THE European Commission will take a further step towards making polluters pay for the environmental damage they cause next month when it publishes a long-awaited White Paper on environmental liability.

Environment Commissioner Margot Wallström believes the plans outlined in the paper are vital to fill a significant gap in the Union's environment policy and provide an added incentive for firms to behave more responsibly.

But she has faced an uphill struggle to get the latest draft of the plan through the Commission because of the fierce opposition to some of the proposals it contains from the institution's powerful industry department.

The latest version of the text recommends that the EU draws up a legally-binding framework directive on environmental liability covering damage to health and property, the pollution of sensitive areas covered by Union nature protection laws and the contamination of sites caused by dangerous activities regulated at the EU level.

It is also expected to call for a strict liability scheme under which authorities seeking to punish polluters would not have to prove the firm involved had actually broken the law, only that there was a link between its activities and the damage caused.

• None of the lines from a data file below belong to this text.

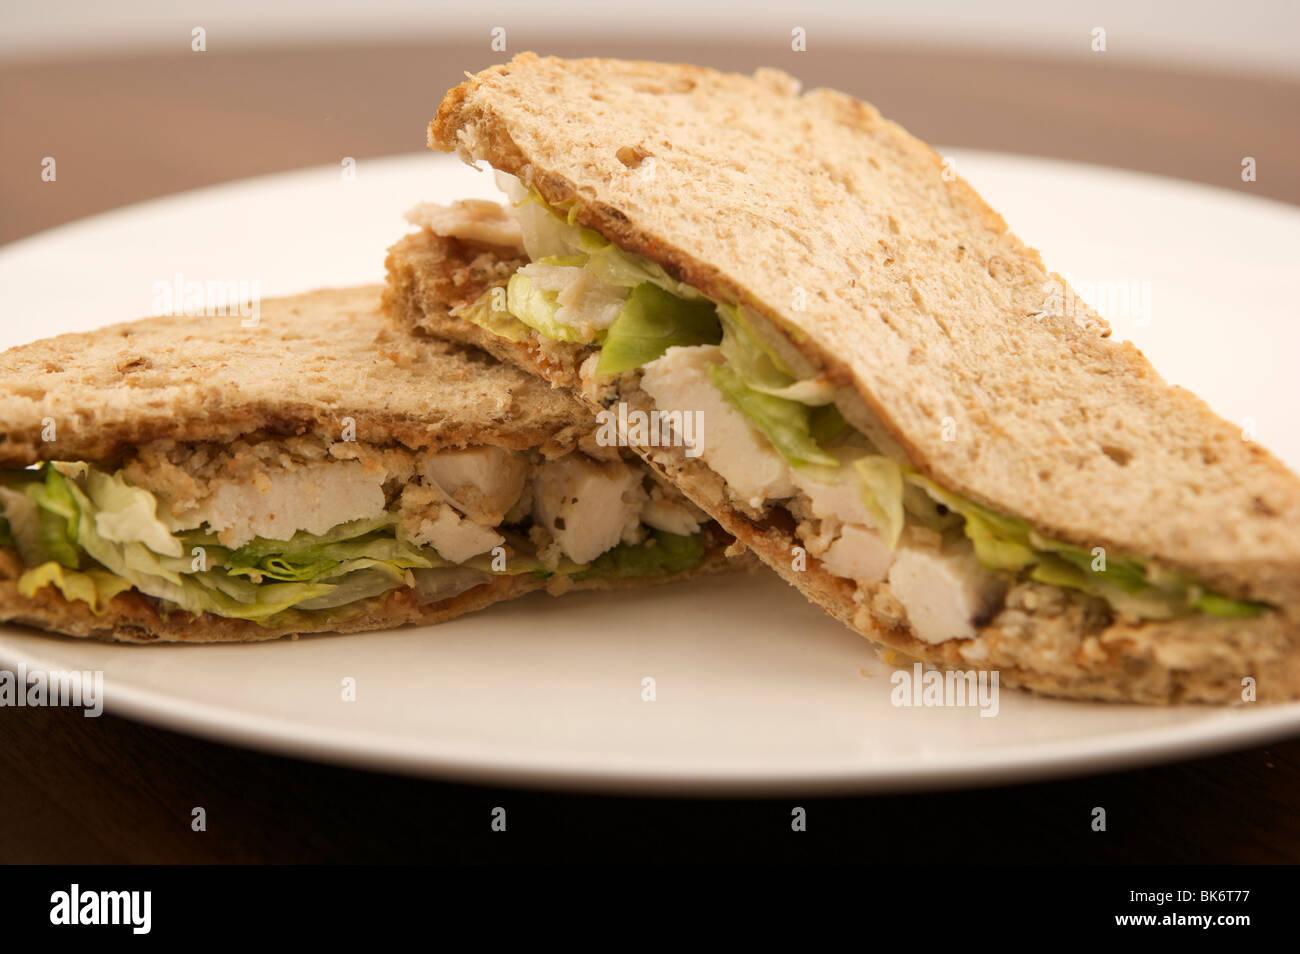 Salad roast chicken sandwich - Stock Image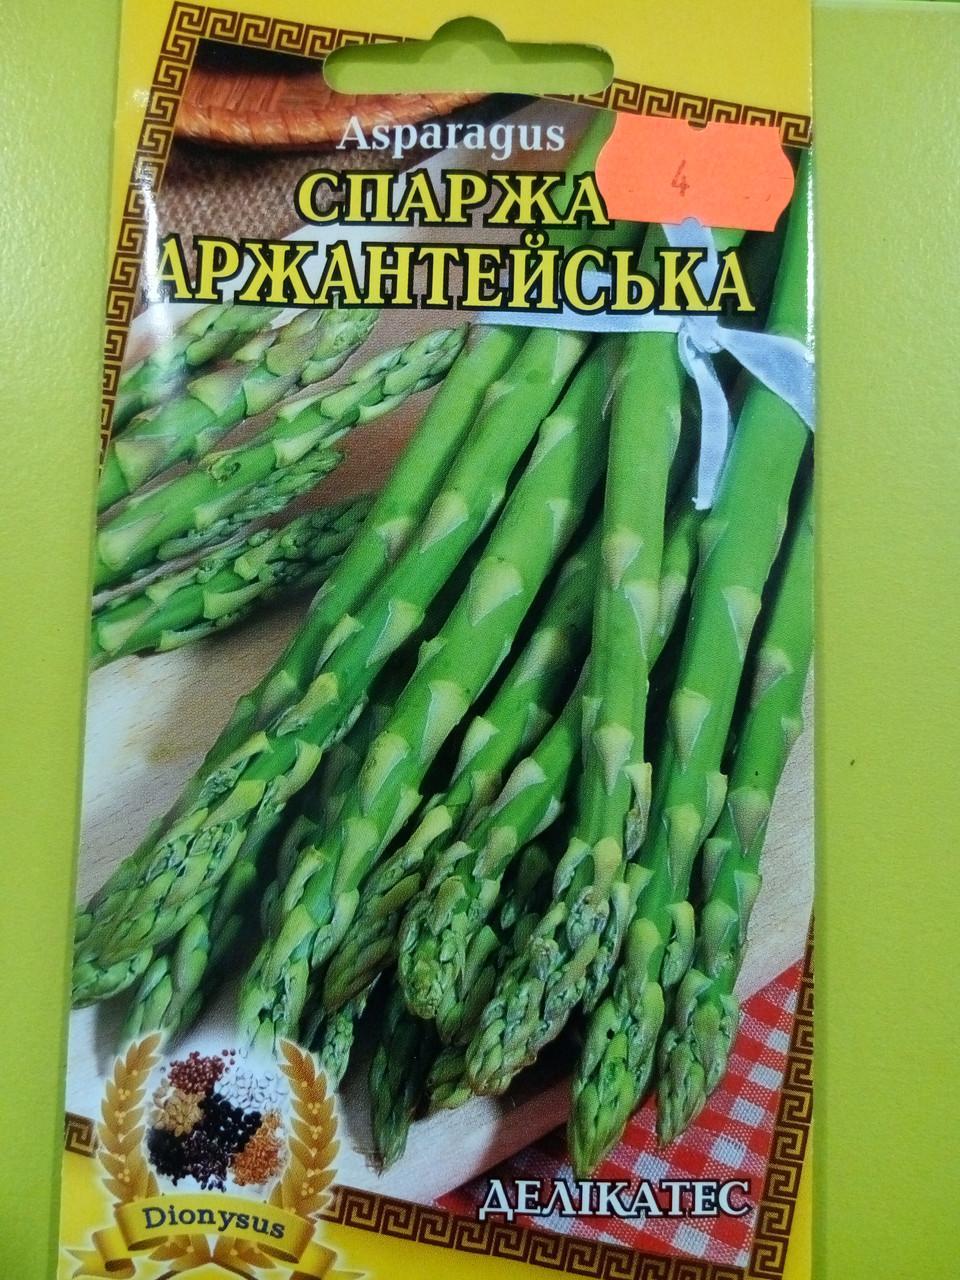 Семена спаржи сорт Аржантейская 0.5 гр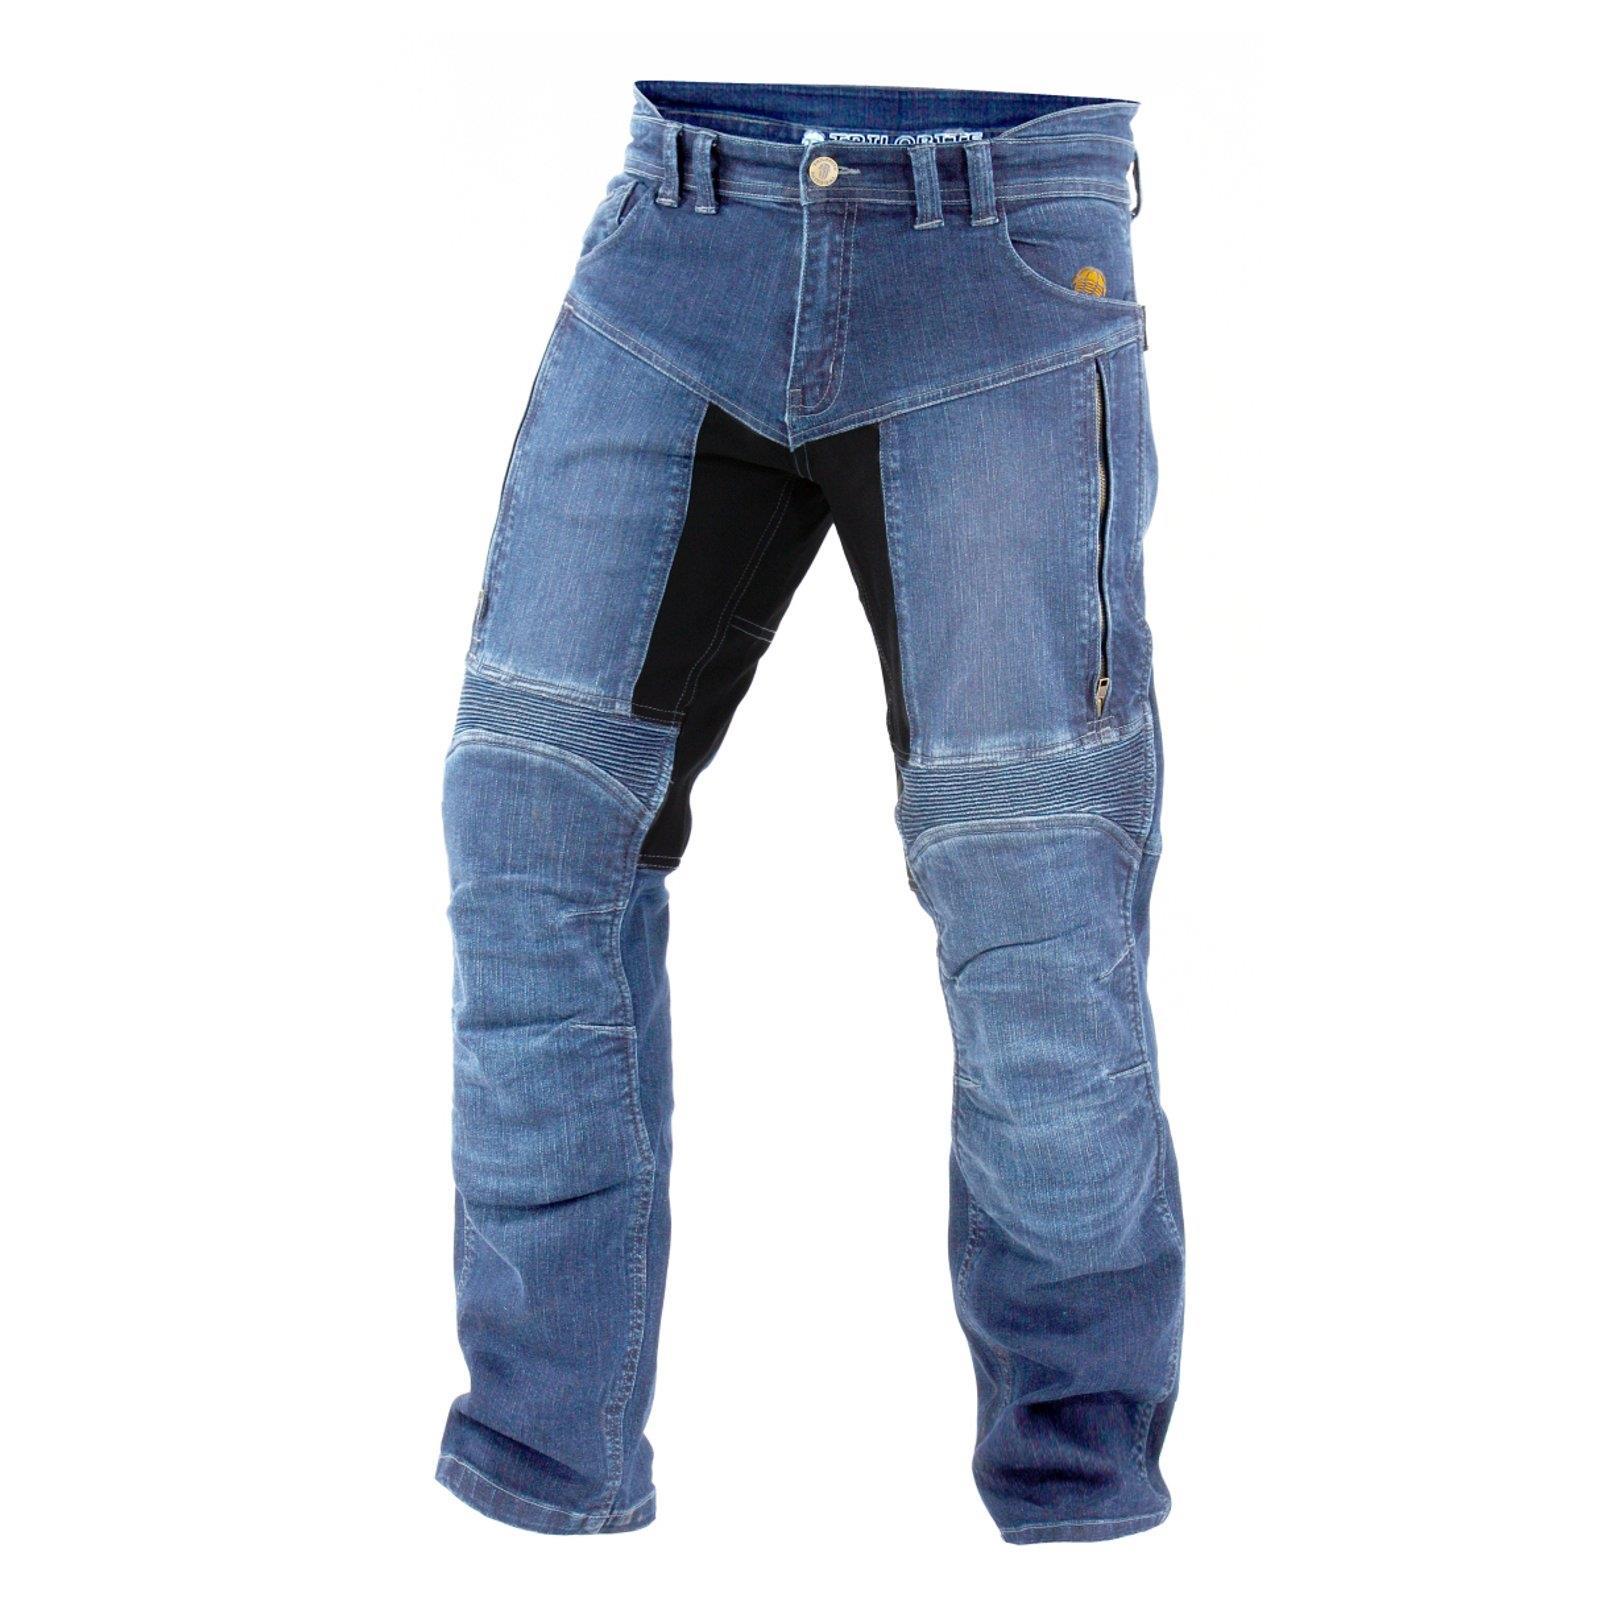 Trilobite-Pantaloni-Moto-Jeans-Abbigliamento-Parado-MICAS-URBAN-DUAL-PANTS-ACID miniatura 40

However, unlike many other liability schemes in Europe, responsibility for cleaning up environmental damage would not be applied retroactively.

The draft paper says that "for reasons of legal certainty and subsidiarity it should be left to member states to deal with pollution from the past".

The latest version of the text is less prescriptive than its predecessor. Plans to reverse the 'burden of proof' to force alleged polluters to show that they were not responsible for the damage caused have been toned down and the issue of whether to sign up to an international convention on liability is left hanging in the air.

But the draft proposals have still raised howls of protests from both industry and environmental campaigners.

The European employers' organisation UNICE says the liability regime proposed by the Commission would damage firms' competitiveness and be difficult to manage. "It is impossible to make companies run the risk for damage they cannot assess," insisted legal adviser Erik Berggren.

UNICE wants the EU to adopt a scheme closer to the American model, which sets out the precise cost of environmental damage on a sliding scale and puts ceilings on the amount which firms can be forced to pay.

It also insists that firms must not be held responsible for products which were safe when developed but are later found to be damaging. Berggren warns this would substantially affect innovation.

Green groups, which favour a strict application of the 'polluter pays' principle, have also reacted with dismay to the latest version of the White Paper.

Christian Hey of the Brussels-based European Environmental Bureau said it raised "serious doubts about the effectiveness of an EU liability scheme".

The European Commission will take a further step towards making piolluters pay for the environmental damage they cause when it publishes a long-awaited White Paper on environmental liability in February 2000.